When you’re expecting and find yourself instantly inducted into the world of all things pregnancy and birth, you start to hear the the term “evidence-based birth” getting thrown around a lot. As birth workers, we understand what this kind of care looks like, what it doesn’t look like, and most importantly why it’s so beneficial to moms and babies. But what are we really talking about when we use this phrase? Is it just birth-people lingo for the ultimate birthing experience? Well, kind of.
But let’s break it down a little, shall we?
Evidence-based birth, at its core, refers to procedures being put into place that are actually supported by facts, statistics, hard evidence. It seems like that should be standard of care across the board, right? But often times, there are a lot of outside factors that influence birth, and not all of them are based on what the best tried and true policies and procedures are that lead to better birth outcomes. Sometimes, even under the care of highly trained and skilled providers, the so-called birth “politics” can get in the way of the procedures.
Why is this important? Because it can have tremendous influence on how a woman’s body responds to labor and delivery, what happens in the immediate postpartum, and how babies are cared for post-birth.
Many hospitals, or even birth workers who work outside of the hospital, use outdated or potentially harmful protocols that are not supported by evidence. Sometimes, this can mean a birth that requires a lot of intervention. It can also mean a longer recovery for mom and baby. While research routinely proves that the most scientific birth is actually the one where there are lower rates of interventions, modern medicine can’t seem to process this radical notion- that women’s bodies actually work pretty well on their own.
Certainly, there are times when birth calls for interventions, and it’s important to implements those interventions in the most beneficial way. But what we see often in maternity wards is cascades of interventions that lead to more interventions. We see high rates of cesarean birth, many of which happen unnecessarily, or as a result of the previous interventions being performed on the laboring mother. We see babies beginning their lives in the NICU, instead of on their mother’s chests. We see doctors railing against women’s choices, rather than supporting them in allowing them to listen to their bodies and give themselves what they really need during their births. We also see a new trend of PTSD (or birth trauma) in postpartum mothers who felt unsupported, pressured or coerced during delivery. We see low risk births becoming high risk births for no good reason.
Many standard procedures happening in maternity wards are not based on good evidence. We know that routinely manipulating women’s bodies can be dangerous. Procedures like early, unnecessary inductions, forcing women to labor on their backs, episiotomies, constant electronic fetal monitoring (as opposed to intermittent monitoring, which is proven to heed better results and is linked to lower cesarean rates), all come with added health risks. So why is this happening if we know it doesn’t lead to better outcomes or patient satisfaction?
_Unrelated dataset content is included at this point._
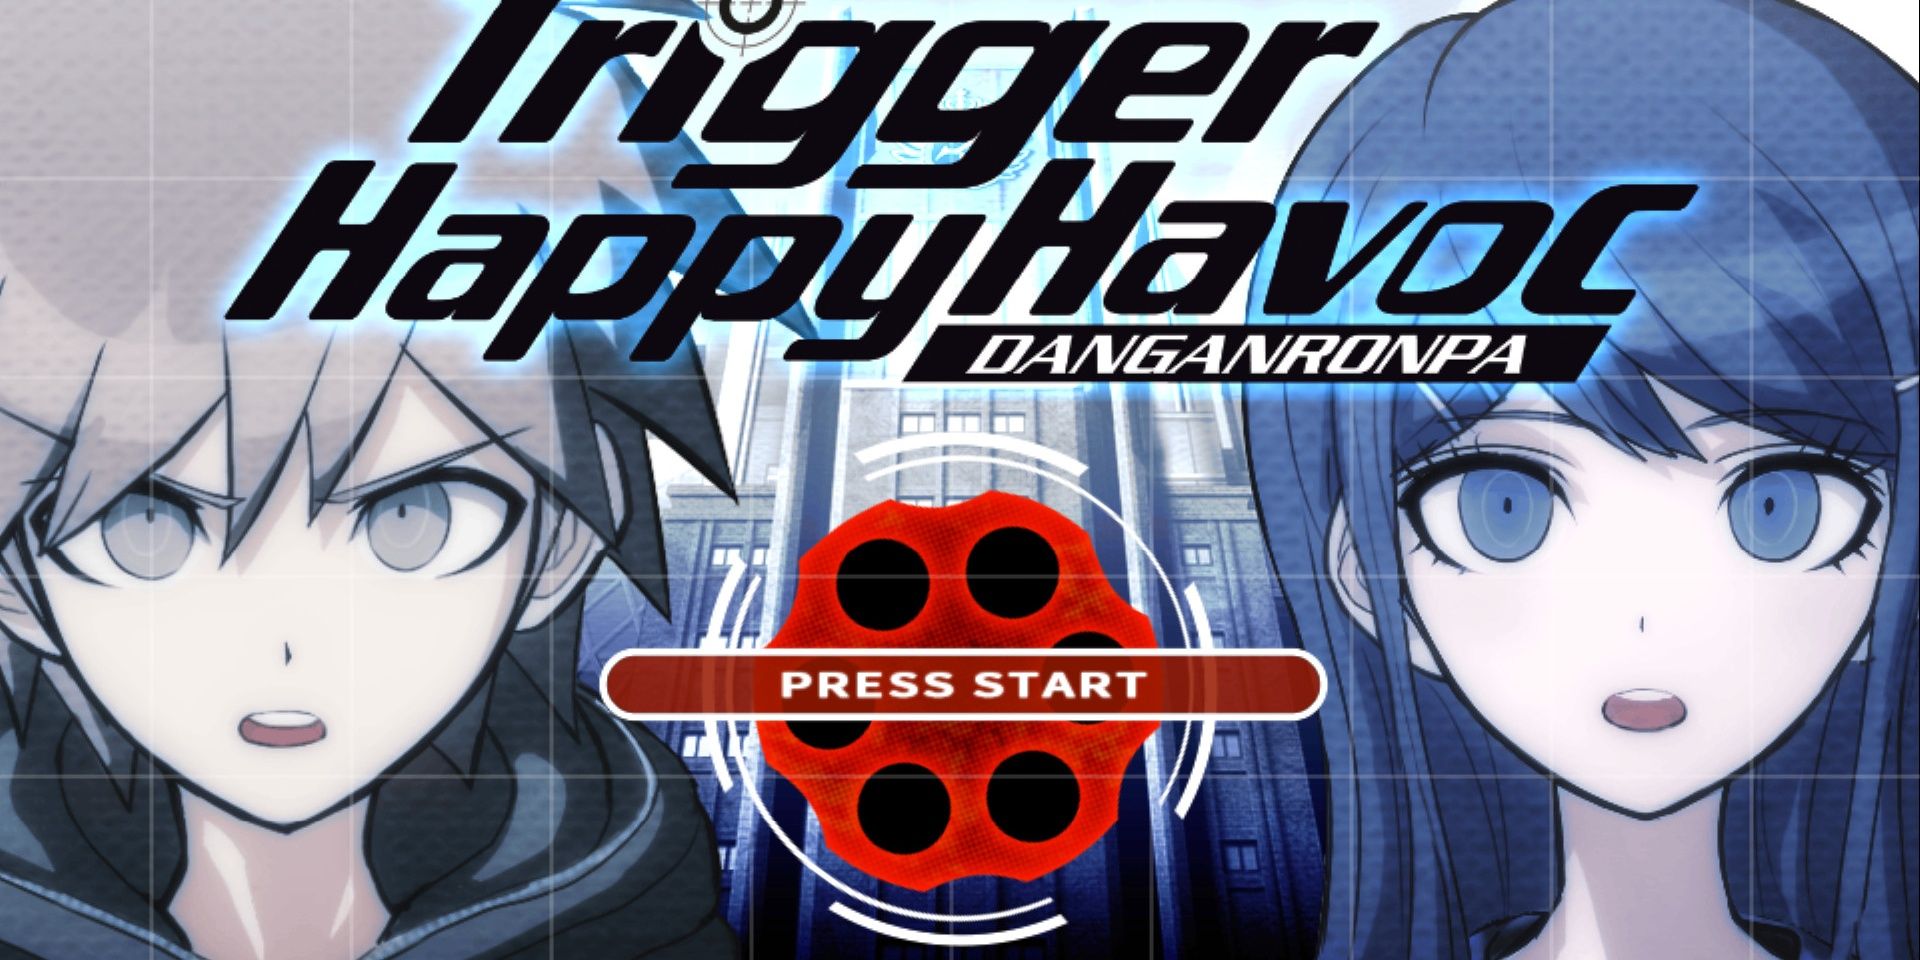 Página inicial para Danganronpa Trigger Happy Havoc

There are a lot of reasons (none of them particularly good) as to why we don’t see evidence-based birth being embraced across the board. For one, birth that requires less intervention is usually less expensive. Whether we like to think of it that way or not, there’s a business to giving birth and the more manipulation, like pitocin, epidurals, c-sections, the greater the cost, and the more money the provider and the hospital makes.
There is also a great level of fear surrounding childbirth, and a cultural mistrust of women’s bodies that we see play out the moment a woman becomes pregnant. Suddenly, she must be subjected to countless tests and screenings and exams that she is told are happening to ensure the best outcome- only in many cases, the opposite proves true. The more intervention, even early interventions like invasive prenatal testing and multiple ultrasounds, doesn’t lead to better birth. Mostly, it creates even more fear surrounding birth. It leads to more unnecessary testing. It leads to more medical births, even when the evidence points the other way.
Finally, there’s another reason why this kind of birth is common and it has to do with convenience. While spontaneous birth is unpredictable, a scheduled birth on a set day, at a set time, means the delivering provider can plan to be there. While that planning involves heavily manipulating a woman’s body, and possibly forcing a baby out before they are ready to be born, it is certainly easier to plan than getting a phone call in the middle of the night that it’s time to come on duty. (At SCV, we don’t mind getting out of bed to deliver your baby, especially because we believe waiting for your baby’s birthday is pretty important).
While most providers have good intentions, some are simply more comfortable with more medicalized birth. No- it might not be based on evidence, but it’s birth that they are trained for and basically, understand how to handle.
But we believe wholeheartedly, that evidence-based birth is not only helpful, but it’s essential. Not only does it lead to better outcomes, lower rates of interventions, less birth trauma and lower rates of surgical birth, it leads to families starting their parenting journeys under the best possible circumstances. It leads to more calm births, more content mothers. So of course, we are happy to provide that care, and to help educate women about their choices in the process, and explain why we are doing what we’re doing every step of the way.
Your baby’s birthday is a day that you only get to experience once. So why not use all the facts, the evidence, and the support you can possibly gather in order to have an amazing birth. We know your baby’s birth is important to you. It’s important to us, too. That’s why we opt for facts, statistics, and patience in order to provide our clients with birth that is evidence-based, every single time.